REQUIRED WORK — Go through the data below and copy it exactly, skipping every picture.

DATASET EXCERPT —
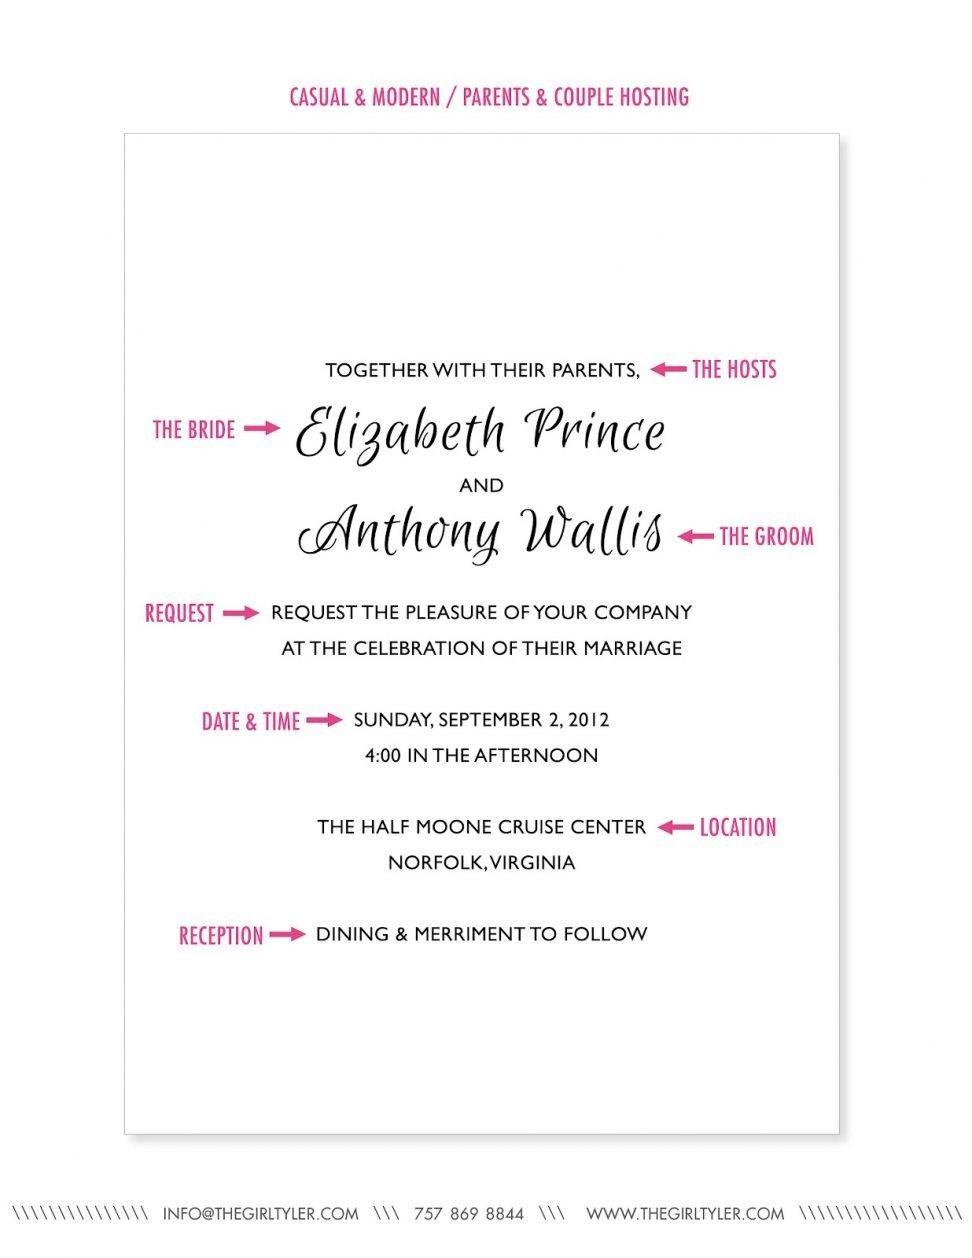 25 Amazing Picture Of Wedding Invitation Wording Etiquette Wedding Invitation Wording Casual Proper Wedding Invitation Wording Casual Wedding Invitations
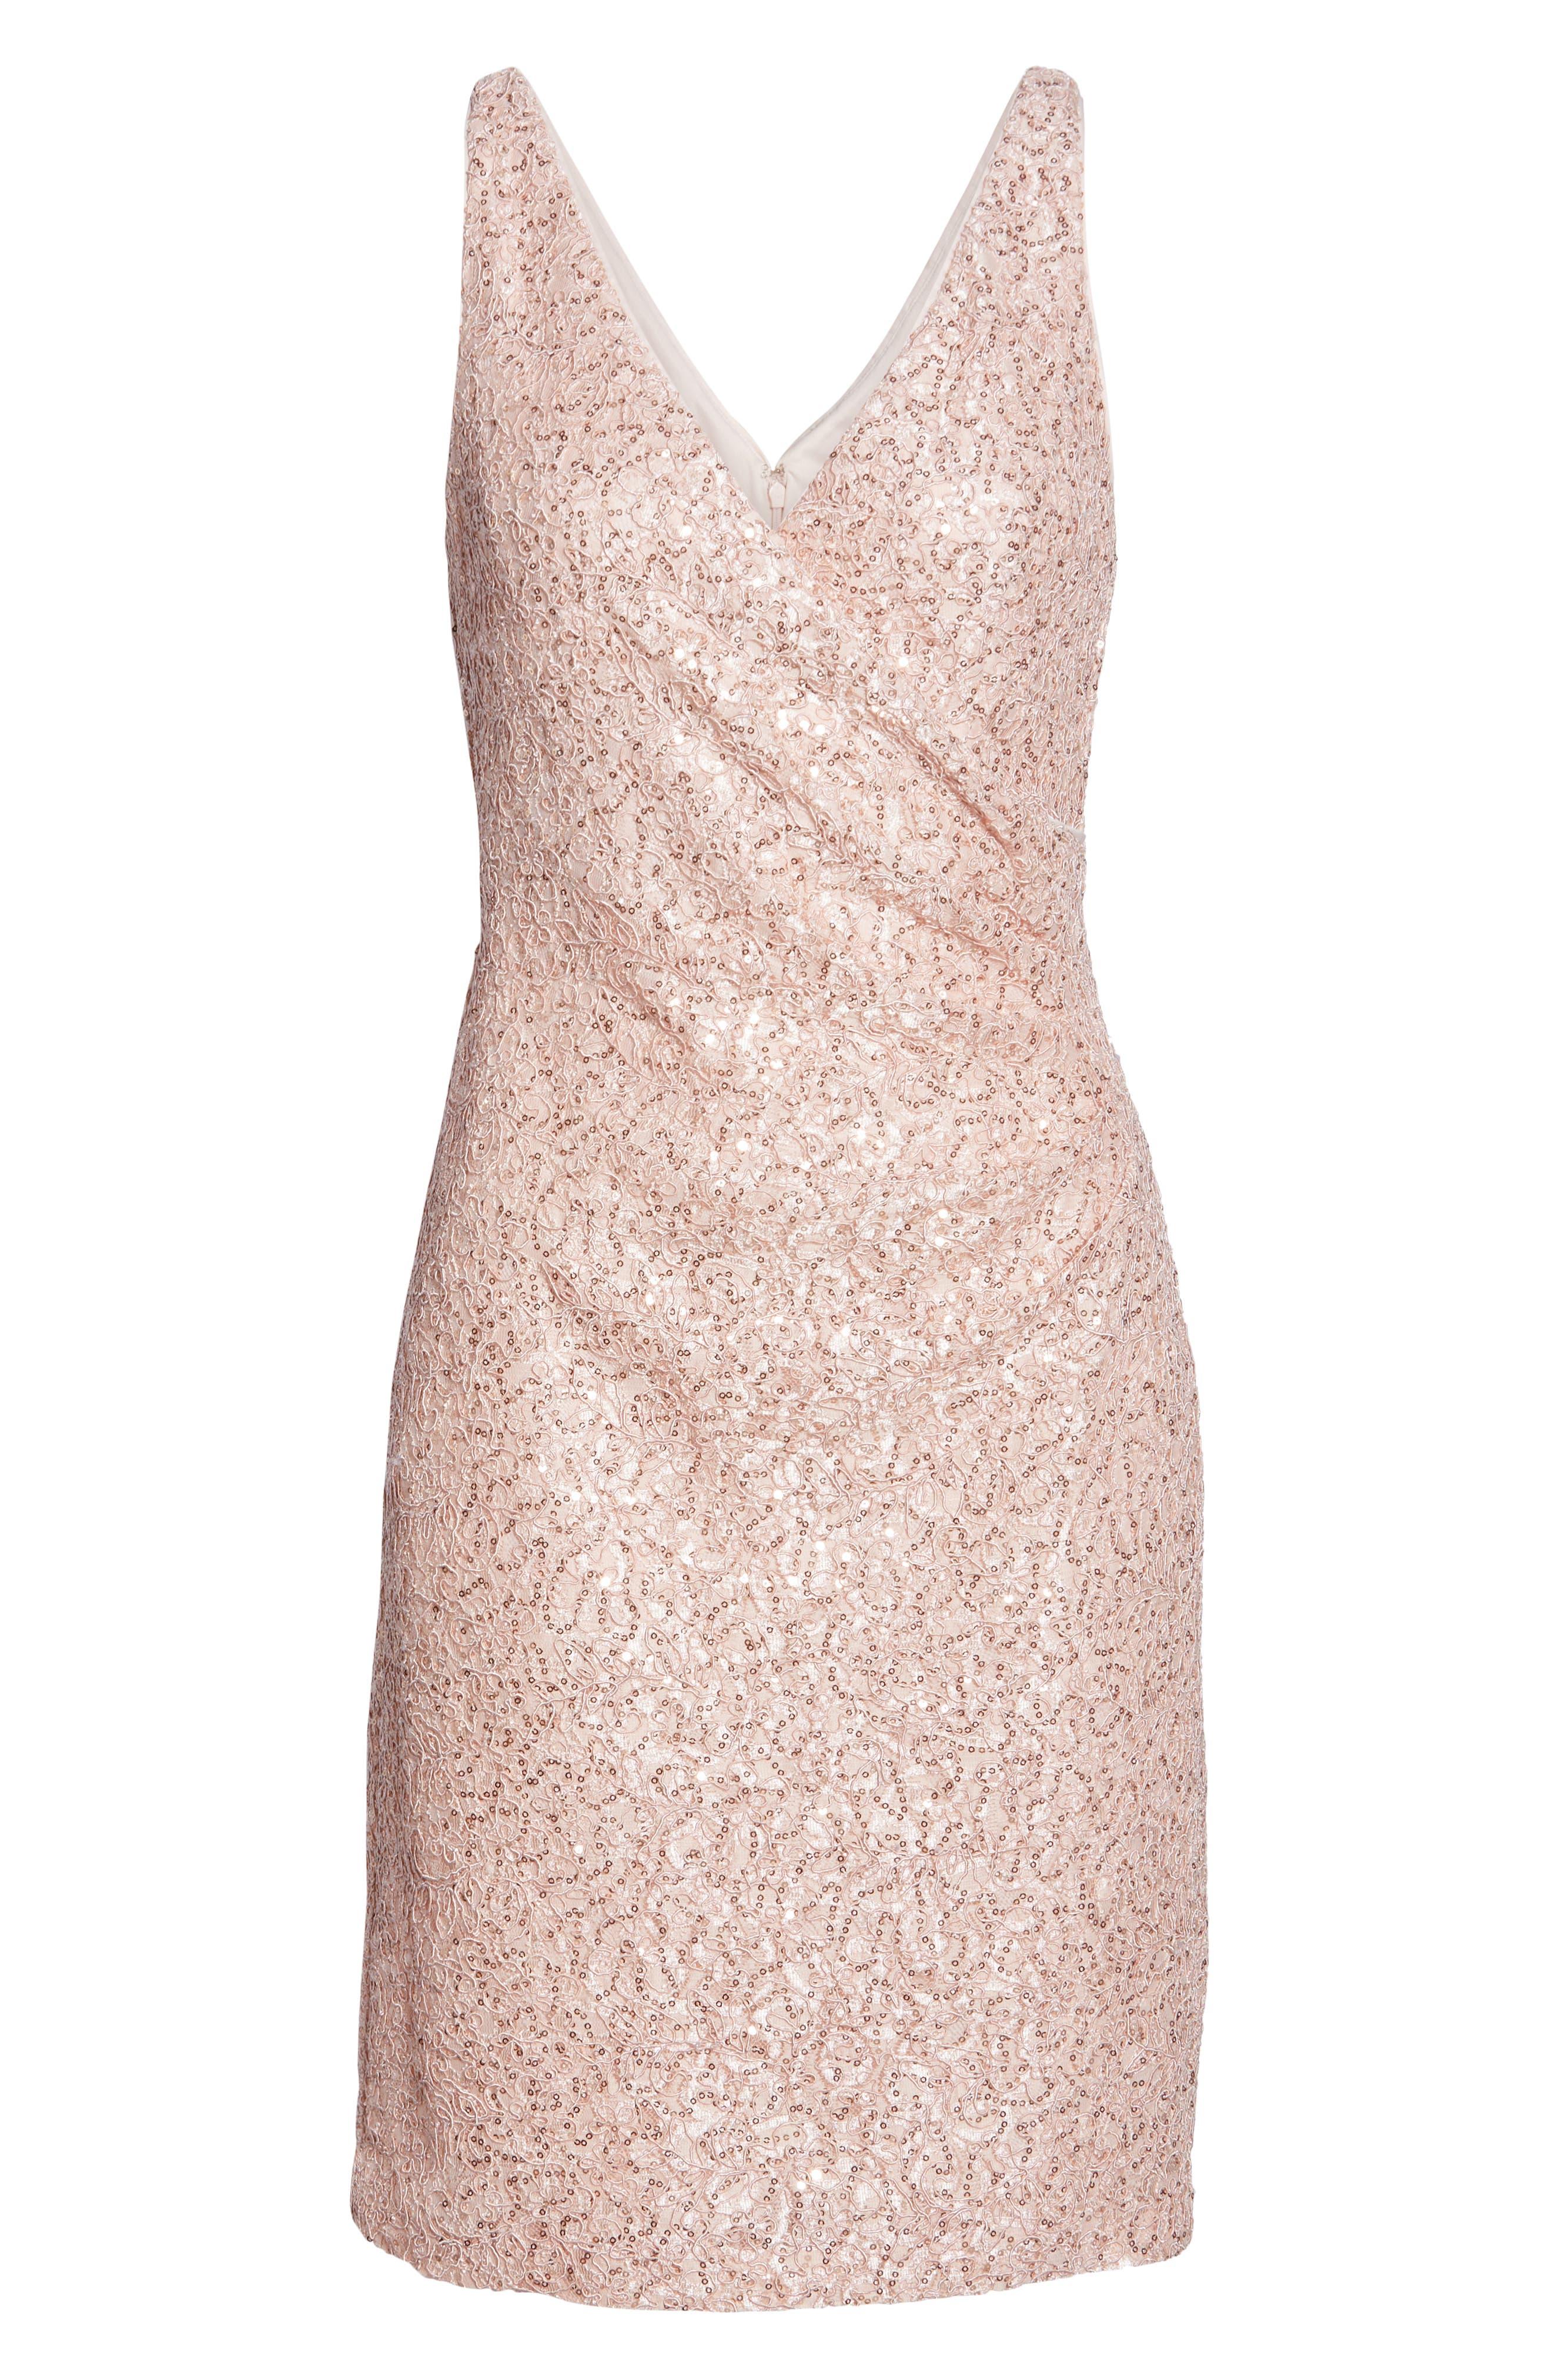 VINCE CAMUTO, Sleeveless V-Neck Embellished Cocktail Dress, Alternate thumbnail 7, color, BLUSH
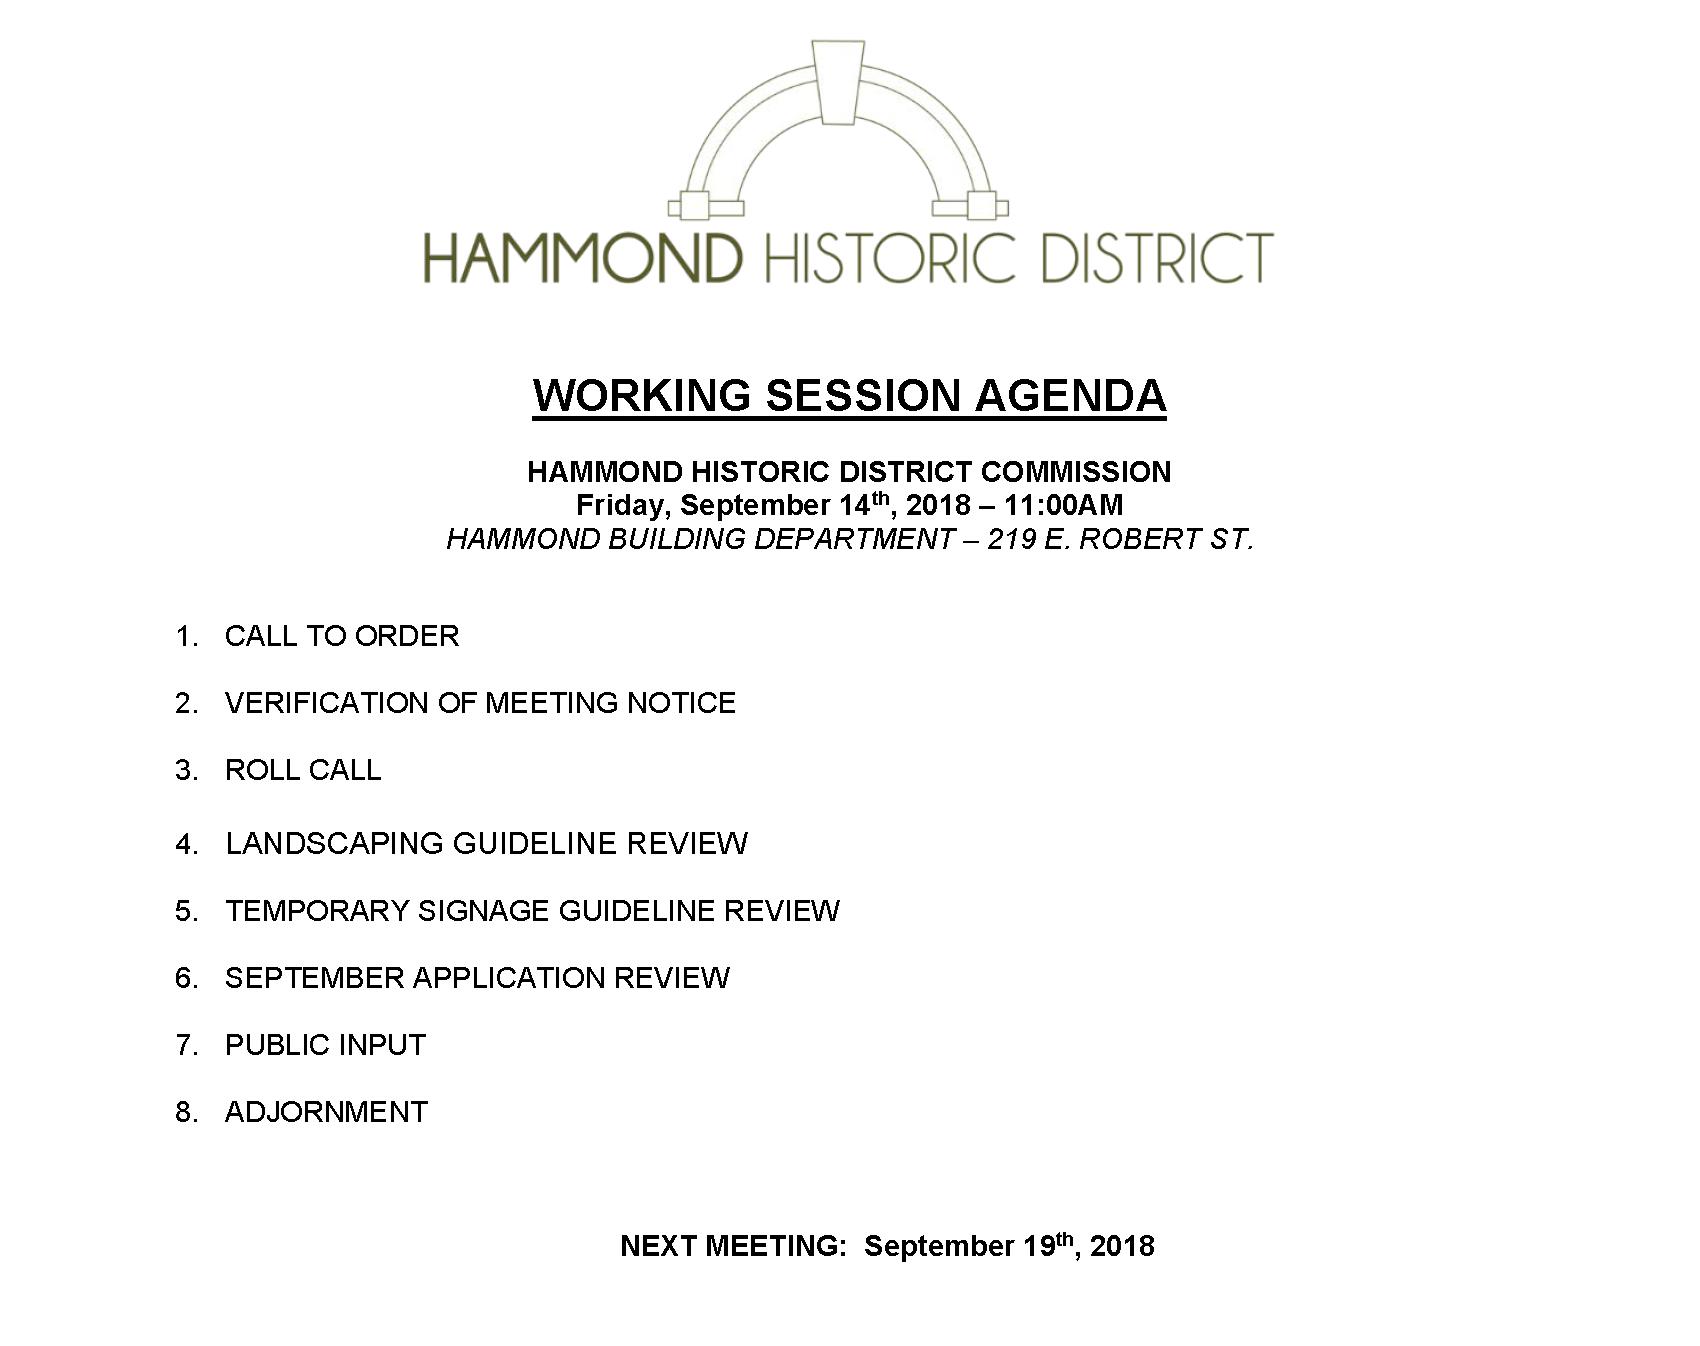 2018_09 September Working Session Agenda.png

EXERCISE OUTPUT —
 25 Amazing Picture Of Wedding Invitation Wording Etiquette Wedding Invitation Wording Casual Proper Wedding Invitation Wording Casual Wedding Invitations
 VINCE CAMUTO, Sleeveless V-Neck Embellished Cocktail Dress, Alternate thumbnail 7, color, BLUSH
 2018_09 September Working Session Agenda.png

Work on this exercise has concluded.